A. Temyiz Yoluna Başvuranlar

Bölge Adliye Mahkemesinin yukarıda belirtilen kararına karşı süresi içinde davalı-davacı erkek vekili temyiz isteminde bulunulmuştur.

B. Temyiz Sebepleri

Davalı-karşı davacı erkek vekili; istinaf dilekçesinde ileri sürülen nedenleri tekrar ederek kararın bozulmasını talep etmiştir.

C. Gerekçe

1. Uyuşmazlık ve Hukuki Nitelendirme

Uyuşmazlık, açılan boşanma davasında taraflar arasında ortak hayatı temelinden sarsacak derecede ve birliğin devamında imkan vermeyecek nitelikte bir geçimsizlik bulunup bulunmadığı, geçimsizlik var ise kusurun kimden kaynaklandığı, kadının davasının kabulünün gerekip gerekmediği, nafakalar ve tazminatlar noktasında toplanmaktadır.

2. İlgili Hukuk

6100 sayılı Hukuk Muhakemeleri Kanunu’nun (6100 sayılı Kanun)190 ıncı maddesi, 369 uncu maddesinin birinci fıkrası ile 370 ve 371 inci maddeleri. 4721 sayılı Kanun’un 4 üncü maddesi, 6 ncı maddesi, 166 ncı maddesinin birinci ve ikinci fıkrası, 174 üncü maddesinin birinci ve ikinci fıkraları, 175 inci, 182 nci ve 330 uncu maddeleri. 6098 sayılı Türk Borçlar Kanunu'nun 50 nci ve 51 inci maddesi.

3. Değerlendirme

1.Bölge Adliye Mahkemelerinin nihai kararlarının bozulması 6100 sayılı Kanun'un 371 inci maddesinde yer alan sebeplerden birinin varlığı hâlinde mümkündür.

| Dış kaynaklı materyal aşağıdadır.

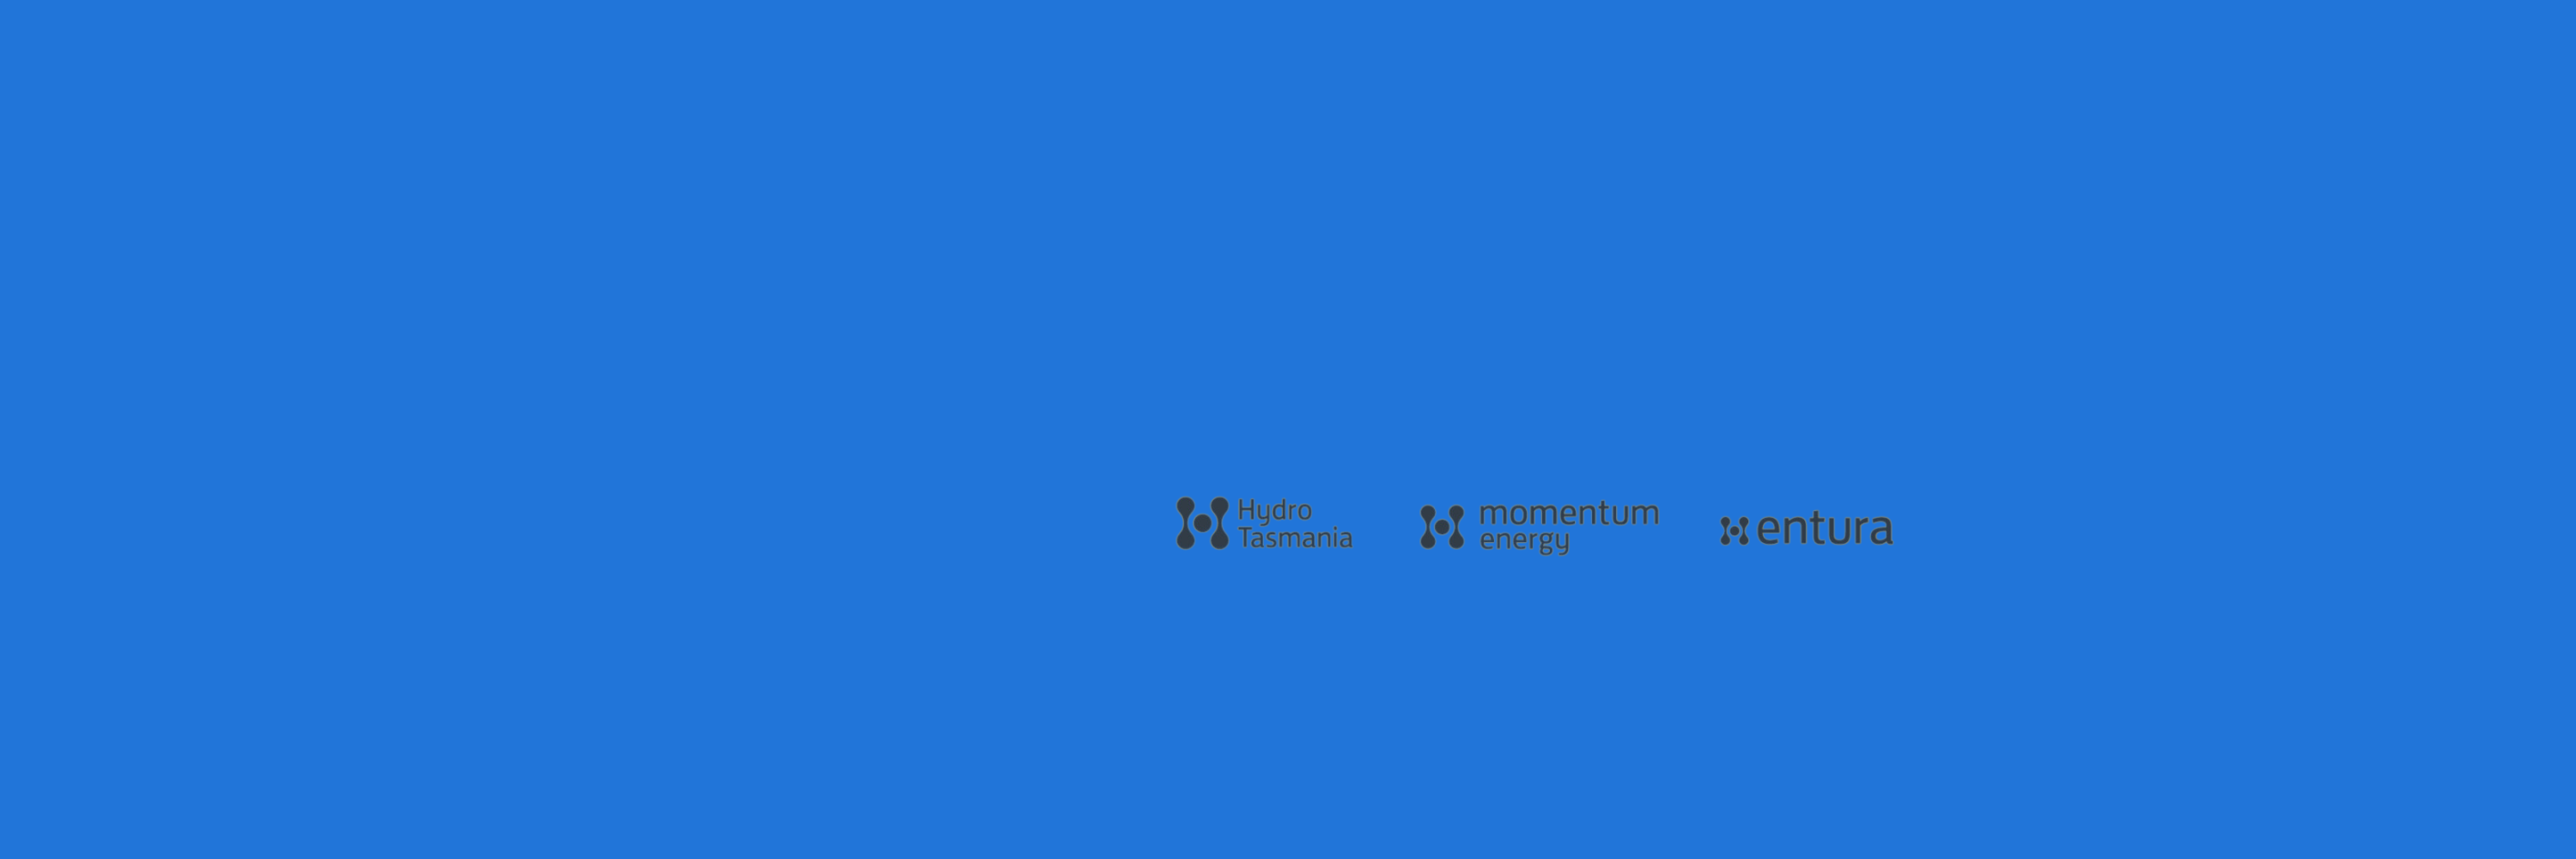 hydro Tasmania, momentum energy, entura logos

2.Temyizen incelenen karar, tarafların karşılıklı iddia ve savunmalarına, dayandıkları belgelere, uyuşmazlığa uygulanması gereken hukuk kuralları ile hukuki ilişkinin nitelendirilmesine, dava şartlarına, yargılama ve ispat kuralları ile kararda belirtilen gerekçelere göre usul ve kanuna uygun olup davalı- davacı erkek vekilince temyiz dilekçesinde ileri sürülen nedenler kararın bozulmasını gerektirecek nitelikte görülmemiştir.

VI. KARAR

Açıklanan sebeplerle;

Temyiz olunan Bölge Adliye Mahkemesi kararının 6100 sayılı Kanun'un 370 inci maddesinin birinci fıkrası uyarınca ONANMASINA,

Aşağıda yazılı temyiz giderinin temyiz edene yükletilmesine,

Dosyanın İlk Derece Mahkemesine, kararın bir örneğinin Bölge Adliye Mahkemesine gönderilmesine,

19.11.2024 tarihinde oy birliğiyle karar verildi.